Very useful book to navigate the whole process of getting into this popular industry. It has a little bit of everything, but is mostly focussed on developing a stronger and more realistic understanding of the domain. It has clear explanations accompanied by excerpts from industry professionals.
It feels a bit informal, which makes everything appear less daunting to someone who doesn't know where to begin.
This book discusses everything about the Data Science career, so it was written for beginners. I was always looking for a book like this to learn more about such a great field with high-paid salaries. Although it covers everything in detail, and I can find this very boring, it's still an amazing book to begin the Data Science career journey.
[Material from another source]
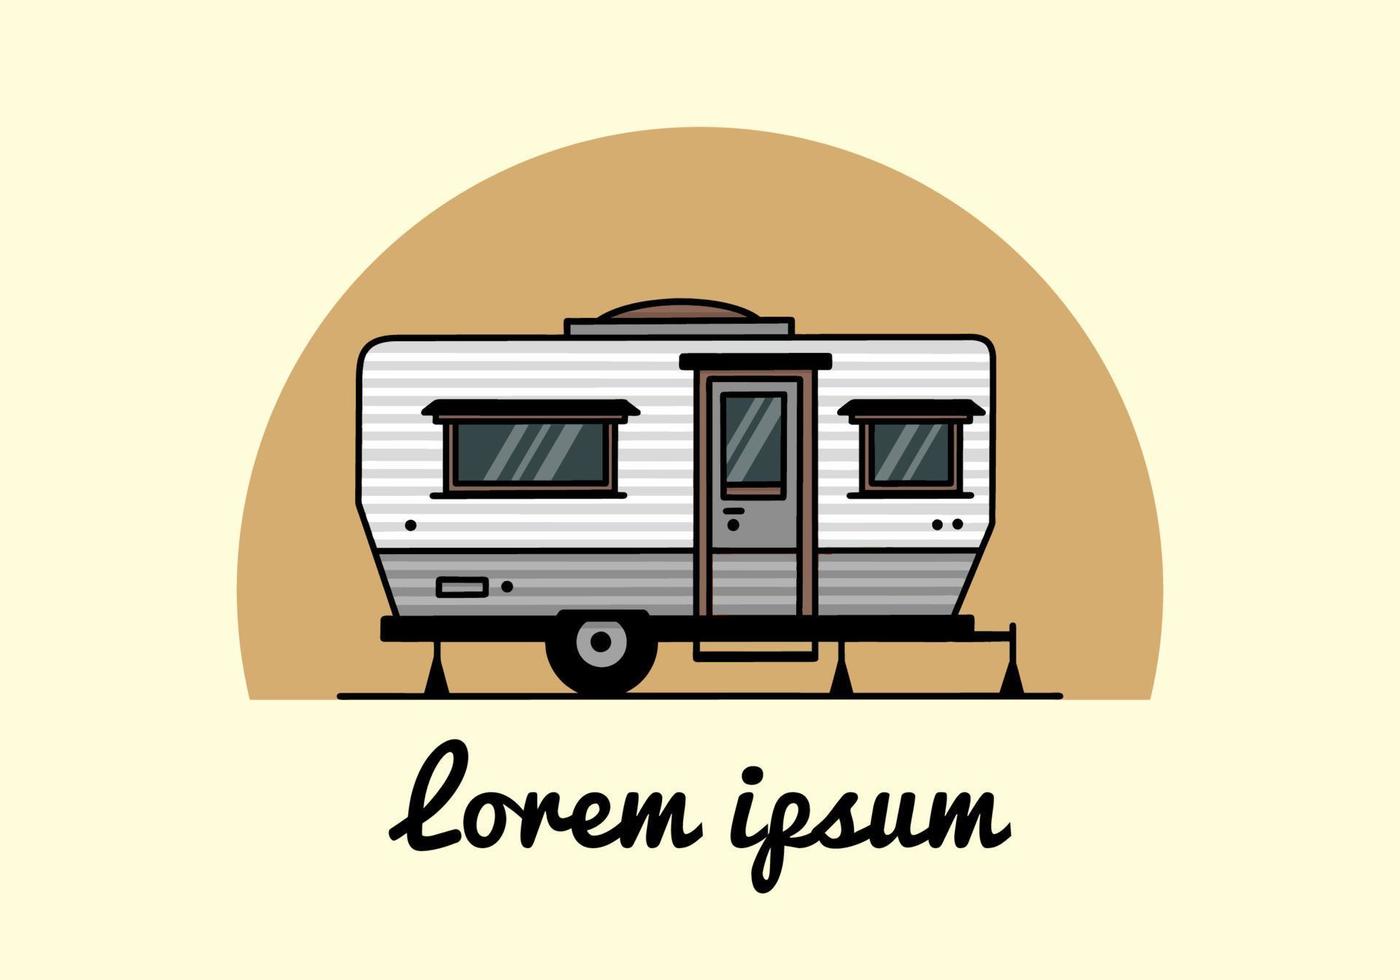 conception d'insigne d'illustration de camping-car en forme de larme vecteur

A career guild line book covering almost all the topics to succeed in data science field....but some chapters is a little of chatterbox, had to skip some sections. Overall, it’s a good book. I hope I choose have read it one year earlier before I stepped into this area.
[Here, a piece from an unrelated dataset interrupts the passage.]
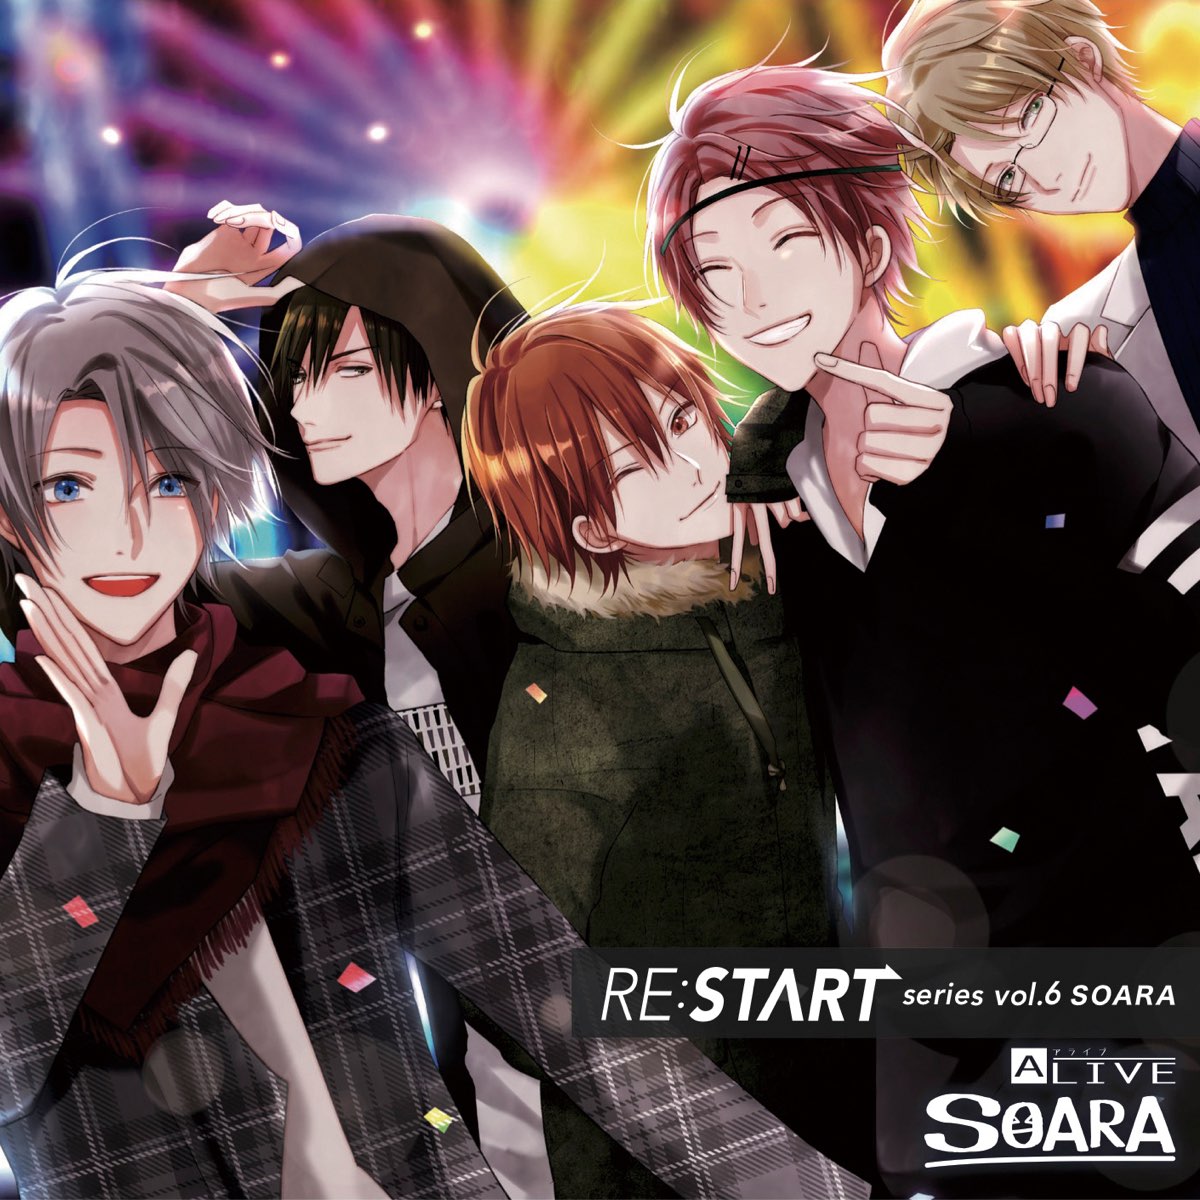 大人気 SOARA ツキプロ シリーズ④ SOARA RE:START 「RE:START」 ALIVE

I would highly recommend this book for someone who is considering and/or in data science field. It is filled with highly practical advice and interviews with top leading data scientists in the field. I am so glad that I get to read it and I hope that you find this book as insightful as I do.
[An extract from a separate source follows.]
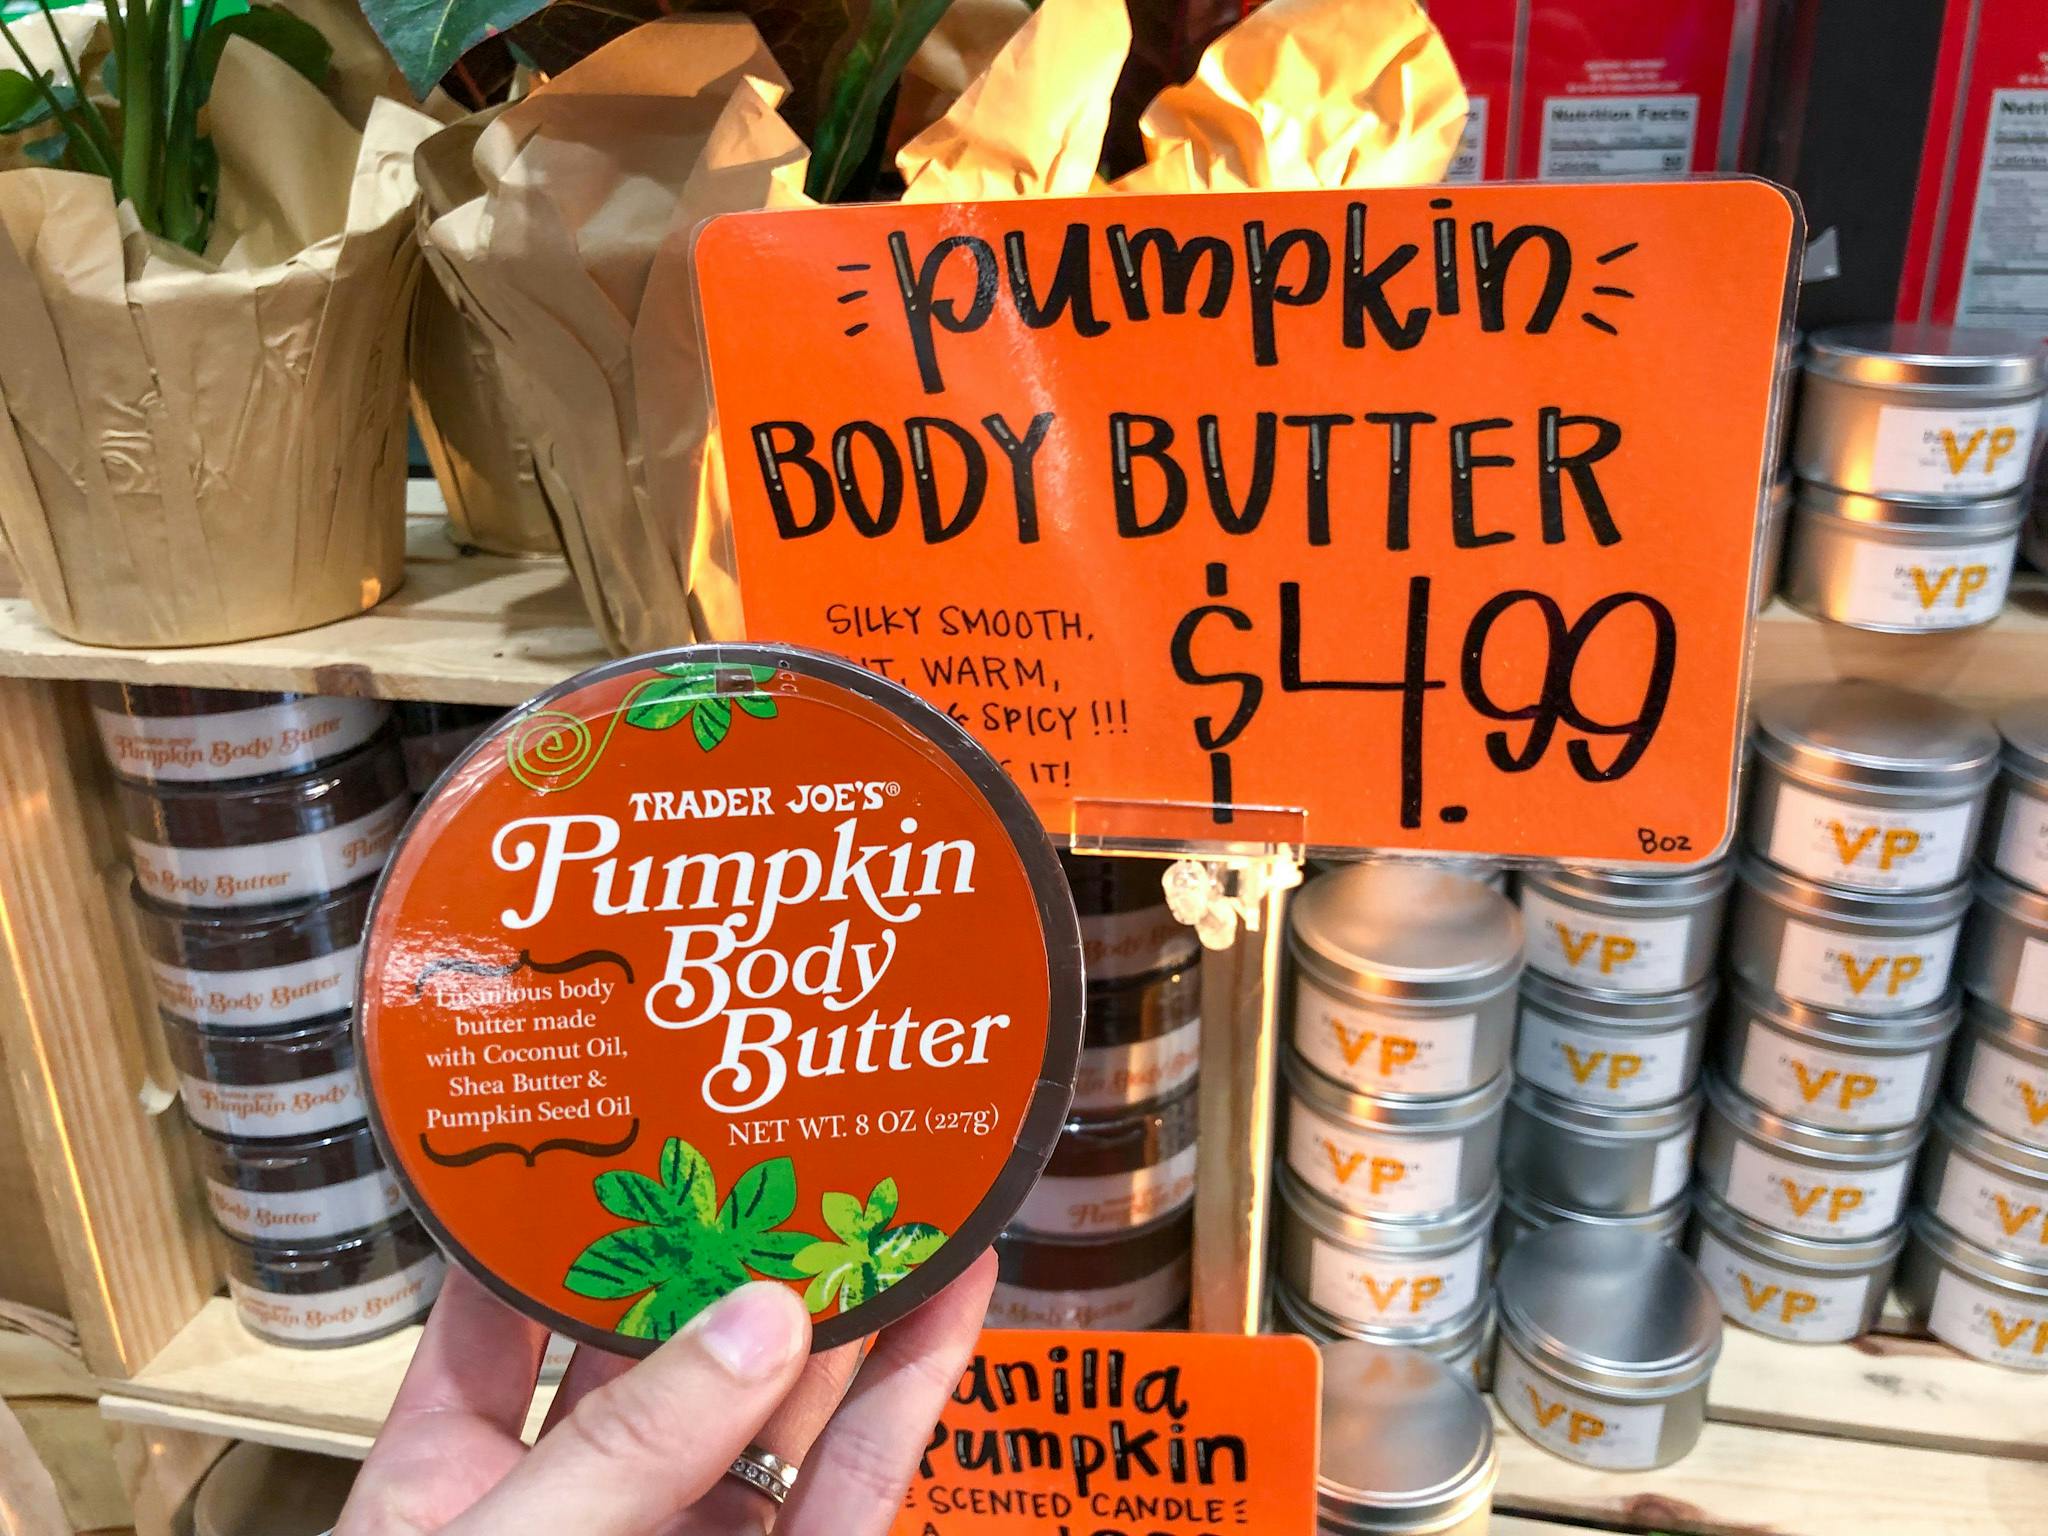 Trader Joe's pumpkin body butter on the shelf.

This book is excellent work!! For anyone looking to understand Data science, how to start career in DS and how to nevigate , how to handle interviews , switching jobs or careers etc. as well as getting into a community. Its a great piece worth reading
Nice book! it gives a clear understanding of the Data Science field and different types of companies. The interviews with experienced DS feel relatable and practical. It might not be aimed at senior professionals, but it’s a valuable read for those starting out in data science.
This book should be the first you read if you want to build a career in data science. The first chapters are suitable to read for any data professionals as I find the insights applicable across. Besides that, I think data and business analysts should read more about data science in order to understand the entire data lifecycle. It’s important when you are part of a team work/project, to strive to understand everyone’s contribution and effort. The book is very well written, following a good structure throughout the chapters. I liked that after every part, the books referenced are listed which makes it very easy to dive deeper into the knowledge. In addition, in appendix interview question are given with example answers. This book is a great guide into data science! Really recommend reading it at least once!!
I wish this was around when I started my career in data science 5 years ago. Very good advice for how and where to start. Even for professionals with more experience, this book is quite helpful. It gives a glimpse of different working environments and the possible data science career paths. Offers useful vocabulary and frameworks. Highly recommend!
As a self-taught data scientist, I didn't face any of the issues exposed in the book about choosing the self-taught path, I found well-defined paths on books and career tracks from Coursera, Datacamp and Udacity, and it was definitely not like, "Where should I start?" also, there are slack channels, and student forums from Udacity, Coursera, and Datacamp where you can get most questions answered.